- [INFORMATION SUPPLIED]:

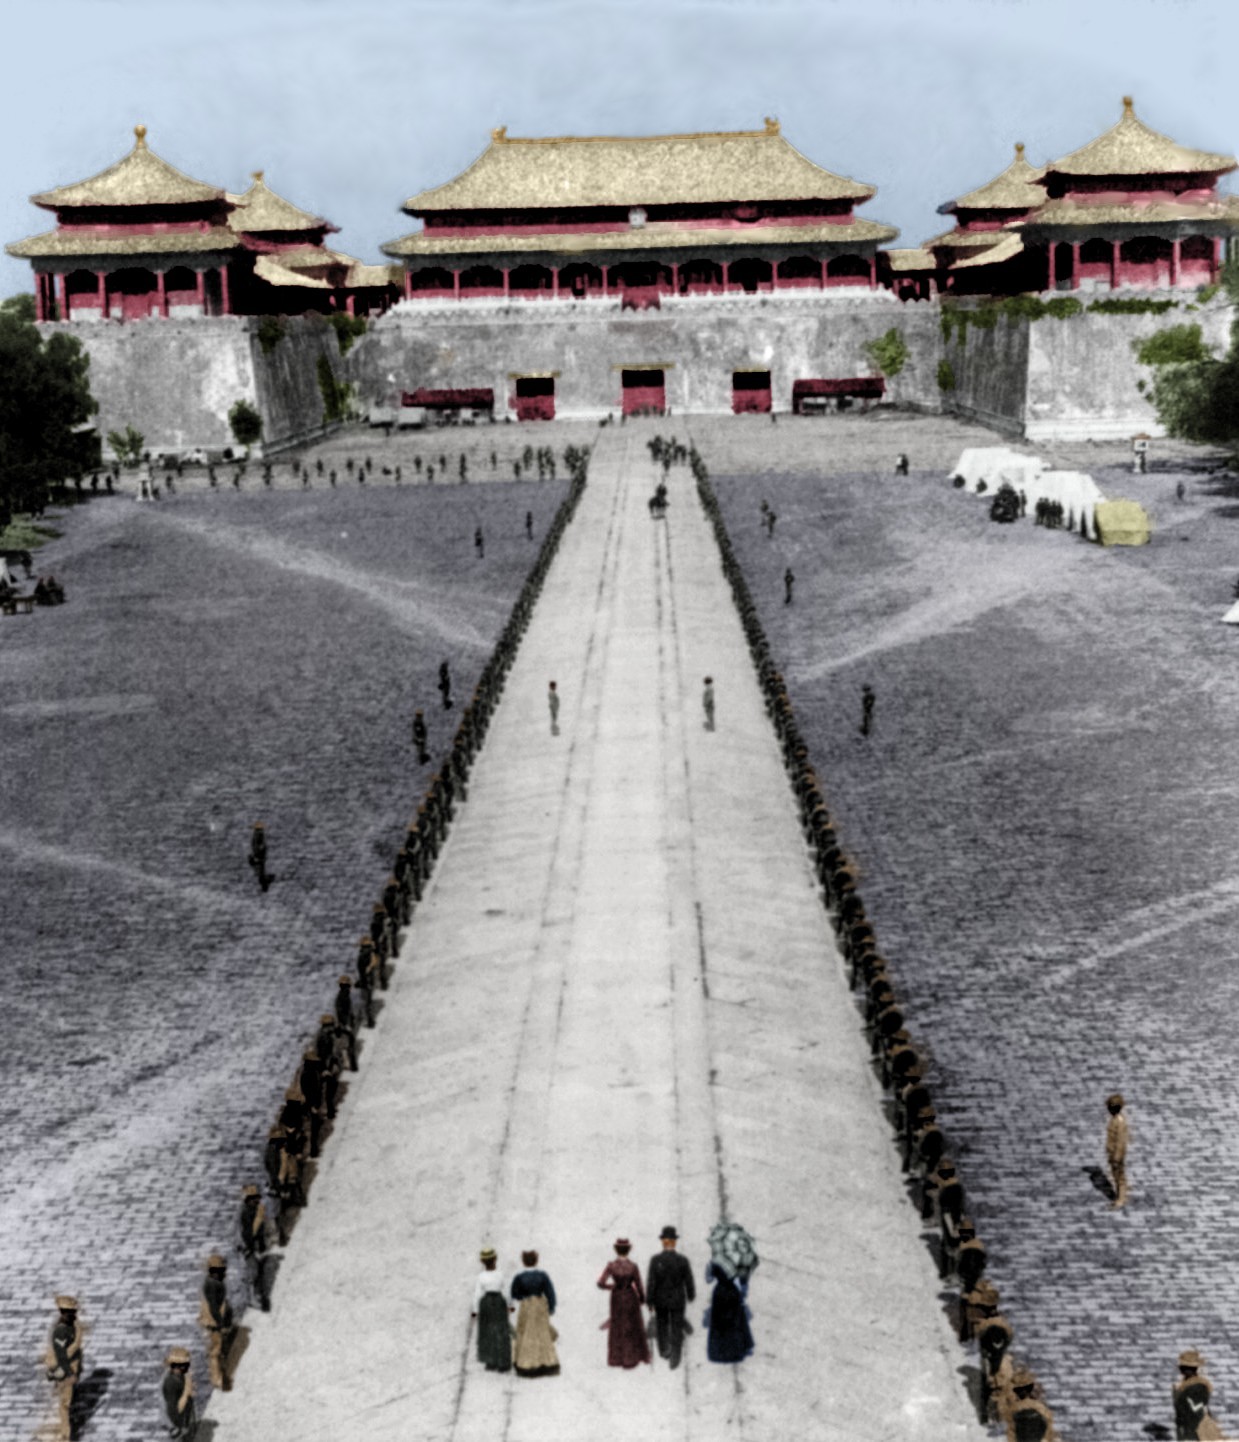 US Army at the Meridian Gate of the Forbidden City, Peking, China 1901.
...
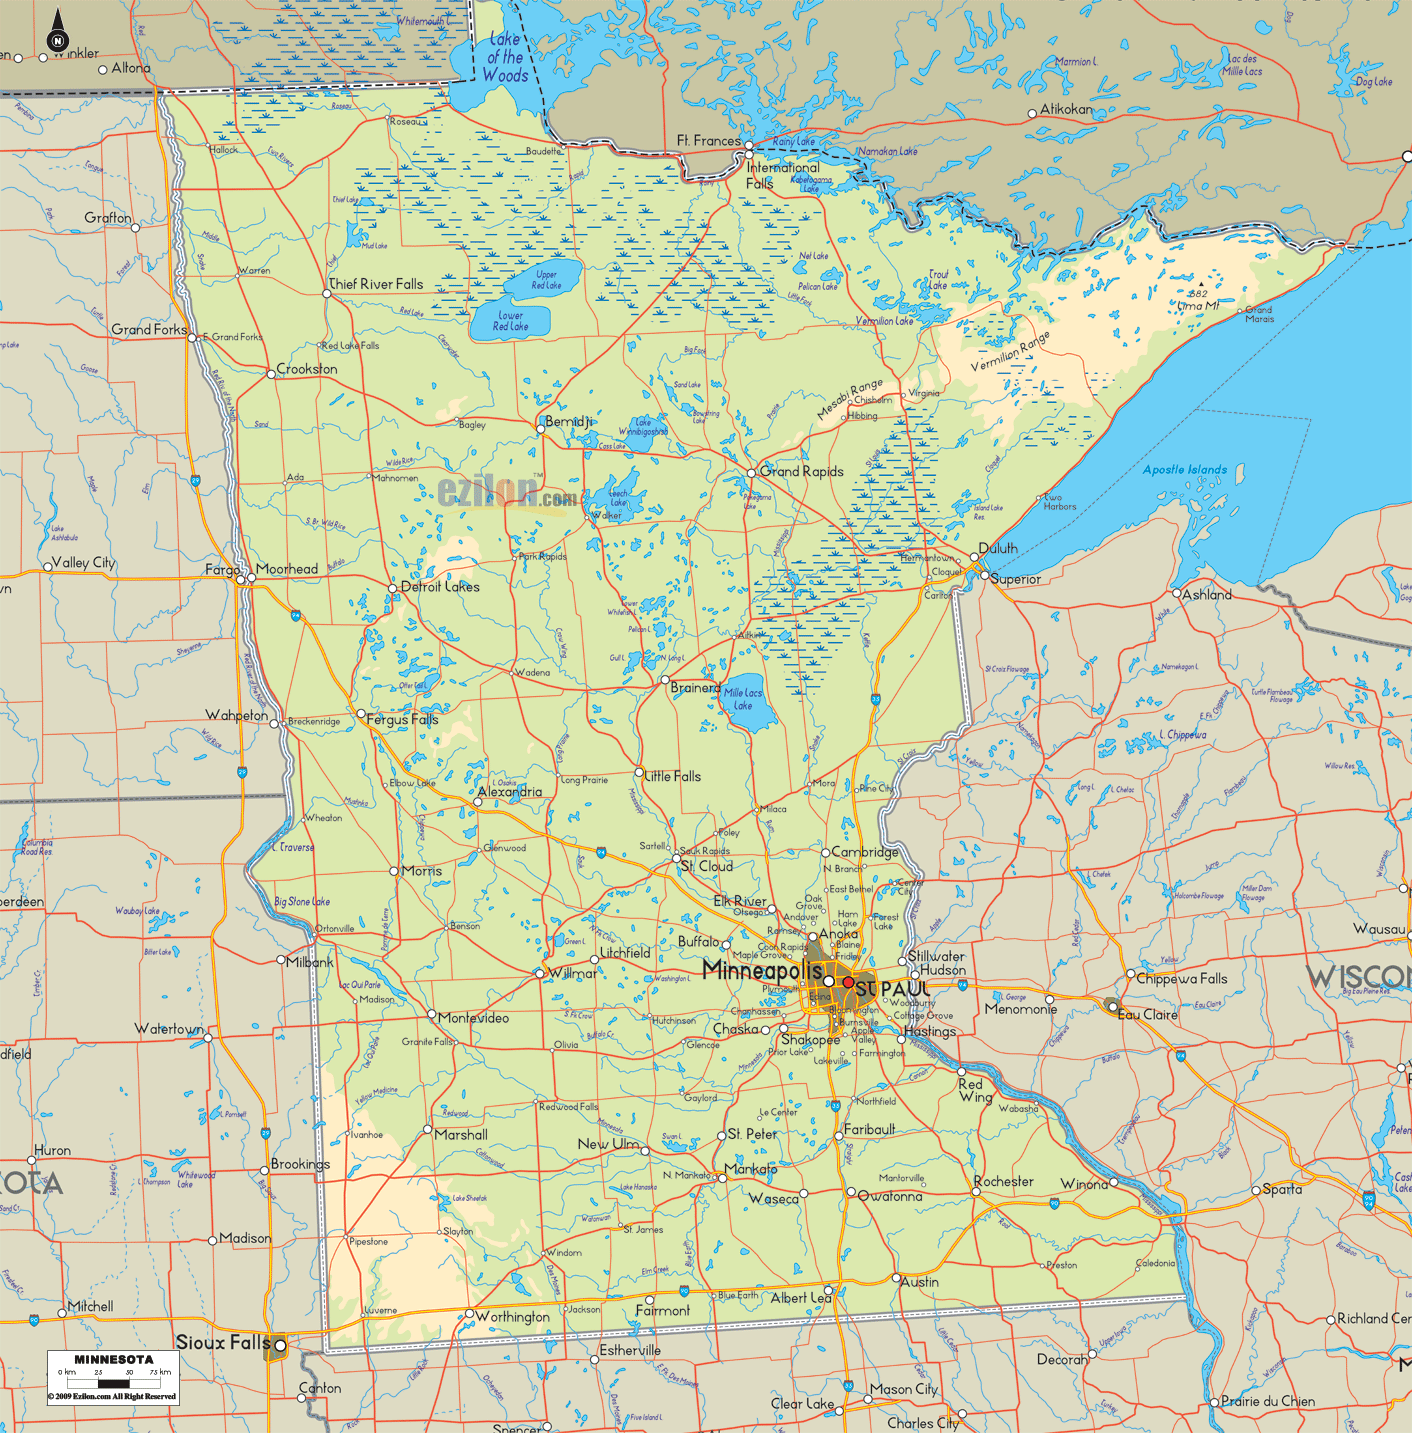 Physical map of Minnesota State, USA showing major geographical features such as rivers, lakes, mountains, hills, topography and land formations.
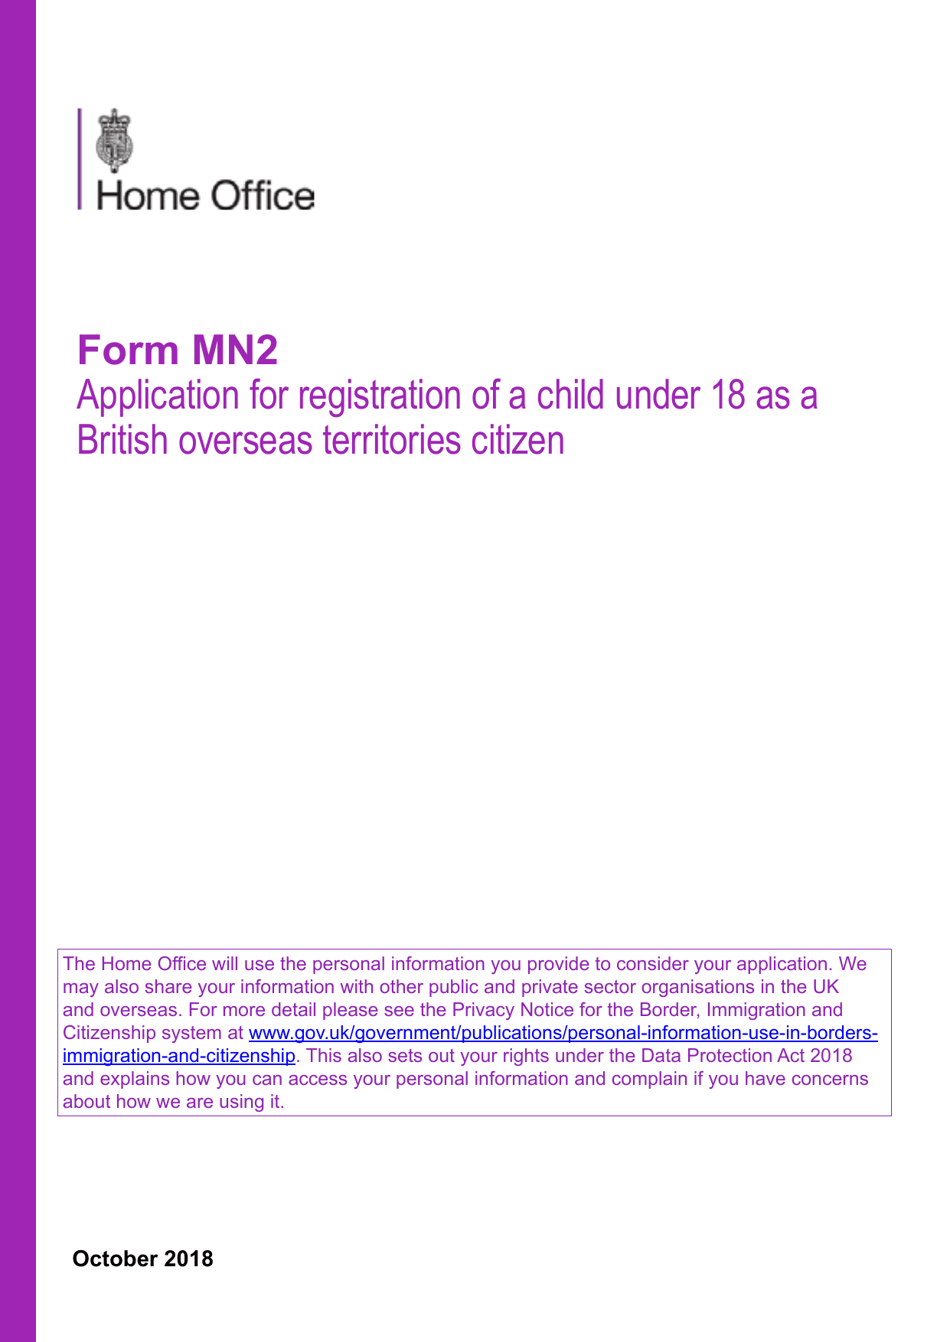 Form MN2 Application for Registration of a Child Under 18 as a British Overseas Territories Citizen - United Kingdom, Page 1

- [PROBLEM DETAILS]:
Go back to the listing above and write out the lines starting at the one with "Physical map of" and ending at the one with "Form MN2 Application", inclusive, exactly and without pictures.

- [RESPONSE]:
 Physical map of Minnesota State, USA showing major geographical features such as rivers, lakes, mountains, hills, topography and land formations.
 Form MN2 Application for Registration of a Child Under 18 as a British Overseas Territories Citizen - United Kingdom, Page 1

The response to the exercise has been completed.